Alternatively, after the read mode changer 12 is controlled to
execute processing in the data processor 13, the data processor 13
generates second metadata including error information.
[0083] The data processor 13 can sequentially execute processing
for the first data and the first metadata and modify each of the
data, based on the first metadata, similarly to the first
embodiment, and can modify the data in the other form by also
referring to the information added with the extended metadata.
Then, the data processor 13 makes a response by including a
processing result or information specifying a location where the
processing result is stored in the second metadata. In addition,
when the extended metadata is "not output", the data processor 13
may execute processing so as to include information indicative of
an error in the second metadata. At this time, an only error is
included in the second metadata, and a response should not be made
with the read data itself. Alternatively, after processing the read
first data in a state in which the data cannot be presumed from the
original data, the extended metadata may be replaced with the first
data and may not be output.
[0084] Specifying based on the extended metadata has priority over
the first metadata (when the extended metadata is not specified,
the specification is based on the instruction of the first
metadata). However, the specification may be made separately for
each of the read mode changer 12 and the data processor 13 or the
specification may be made together for both of them. Alternatively,
the order of the process using the first metadata and the process
using the extended metadata may be an order of the first metadata
extended metadata or the data may be specified as the extended
metadata.
[0085] As an example of separately specifying the extended
metadata, replacing the process specified when the data is stored
with the first metadata with the different process of the same type
is considered (i.e., the encryption mode and the key length of
small strength are changed to the encryption mode and the key
length of large strength, the data is output in a state of being
encrypted with an encryption key and an encryption algorithm
different from the encryption key and the encryption algorithm at
the storing, and the like). The instruction to the read mode
changer 12 remains "processed in the read mode changer 12", and the
process content of the data processor 13 alone is changed. Thus,
the instruction to the read mode changer 12 is not made, but the
only instruction to the data processor 13 is made with the extended
metadata (in fact, collective specification can be made if the
instruction "processed in the data processor" is included in the
extended metadata similarly to the instruction at the storing).
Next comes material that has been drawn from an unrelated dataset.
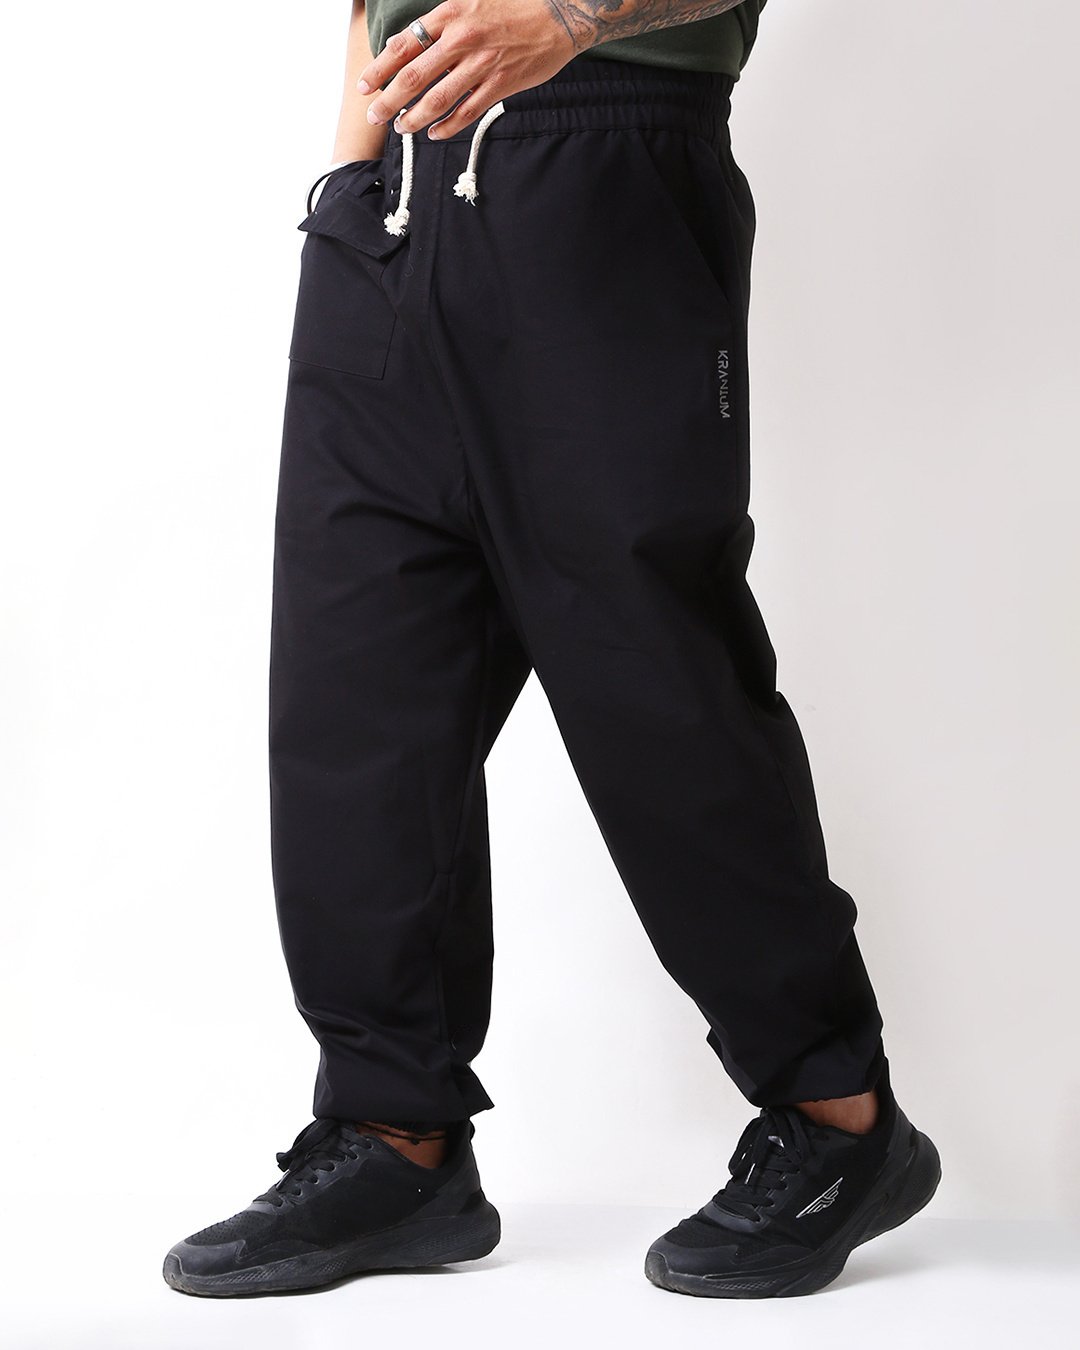 Buy Men's Deep Black Loose Comfort Fit Joggers Online at Bewakoof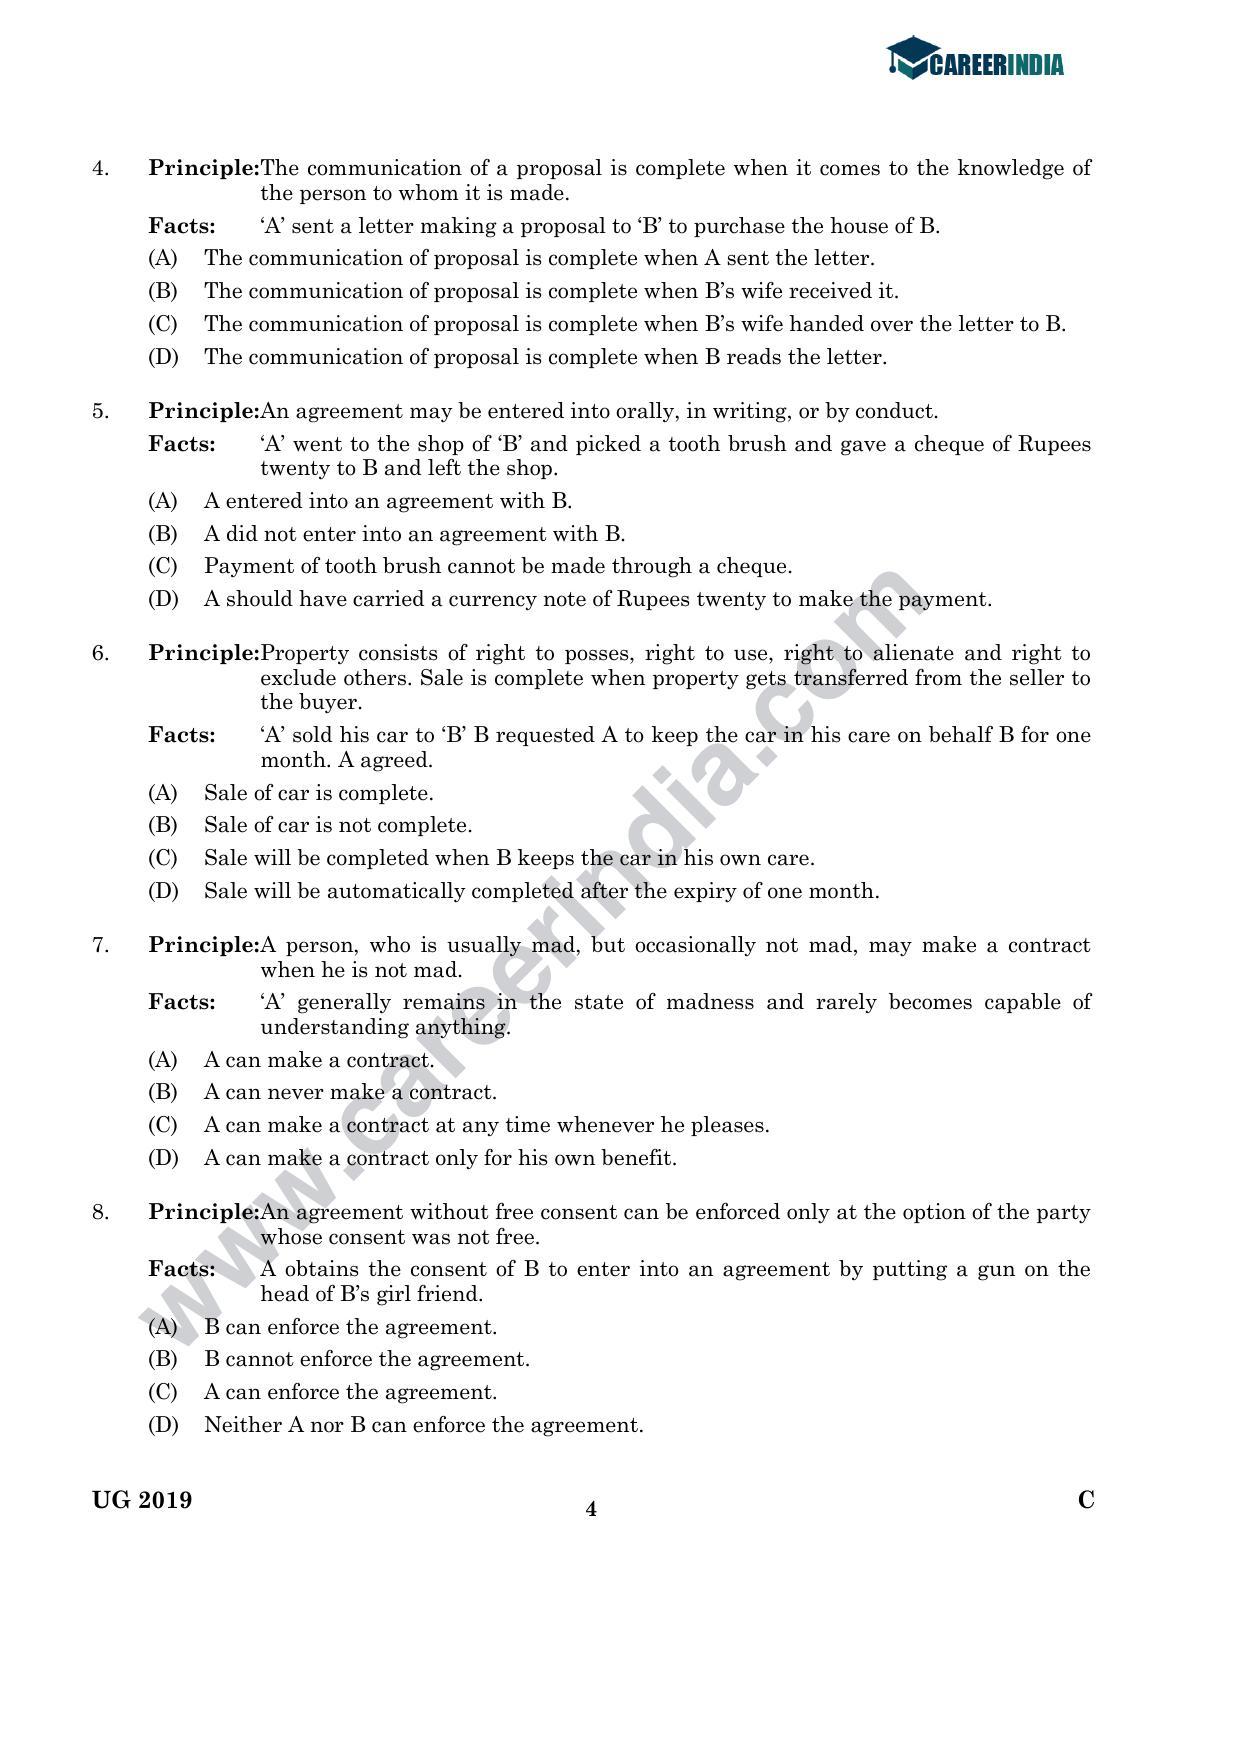 CLAT 2019 UG Legal-Aptitude Question Paper - Page 3

[0086] In contrast, as an example of specifying collectively, the
data stored by considering that processing does not need to be
executed at the storing is often newly processed. The only
instruction "output as it is" is set in the first metadata, and
special instructions or information for the data processor 13 is
not included in the first metadata. In contrast, an instruction "to
process and then output" can be given with the extended metadata,
and information necessary for the instruction can be instructed at
the reading.
[0087] Since the operation flow of the present embodiment is the
same as the operation flow of the first embodiment, a flowchart
thereof is omitted.
[0088] The above is the sixth embodiment. The process different
from the process assumed at the storing can be specified at timing
of reading by transmitting the extended metadata together with the
read request. Furthermore, reading the information from the
nonvolatile memory 1 becomes able to be controlled, based on the
authentication information that an authentication subject
independent of a generation subject of the read request generates,
by allowing "not output" to be specified as the extended
metadata.
Seventh Embodiment
[0089] Next, a seventh embodiment will be described. In the present
embodiment, the read control module 10 is set to determine the
possibility of output of the result of the read request and to read
the possibility in a manner different from the assumption at the
time of storage, by adding extended metadata to the read request in
the second embodiment.
[0090] FIG. 13 illustrates a configuration example of a read
control module 10 of the present embodiment. The role of the
extended metadata and the variation of operation of the read
control module 10 have been described in the sixth embodiment. The
present embodiment is different from the sixth embodiment with
respect to a feature that the process result of the data processor
13 is delivered to a generation source of the read request as
second data. For this reason, when "not output" is designated for
the extended metadata, no data may be included in the second data
or the process result may be returned as the second data such that
the original data (first data) cannot be presumed. When notifying
an error, means different from that of the data and the metadata
may be employed.
[0091] The above is the seventh embodiment. The advantage thereof
is the same as the advantage obtained from a combination of the
second and sixth embodiments.
Eighth Embodiment
[0092] Next, an eighth embodiment will be described. In the present
embodiment, extended metadata is added to the read request in the
third embodiment and corresponding components are added (FIG. 14).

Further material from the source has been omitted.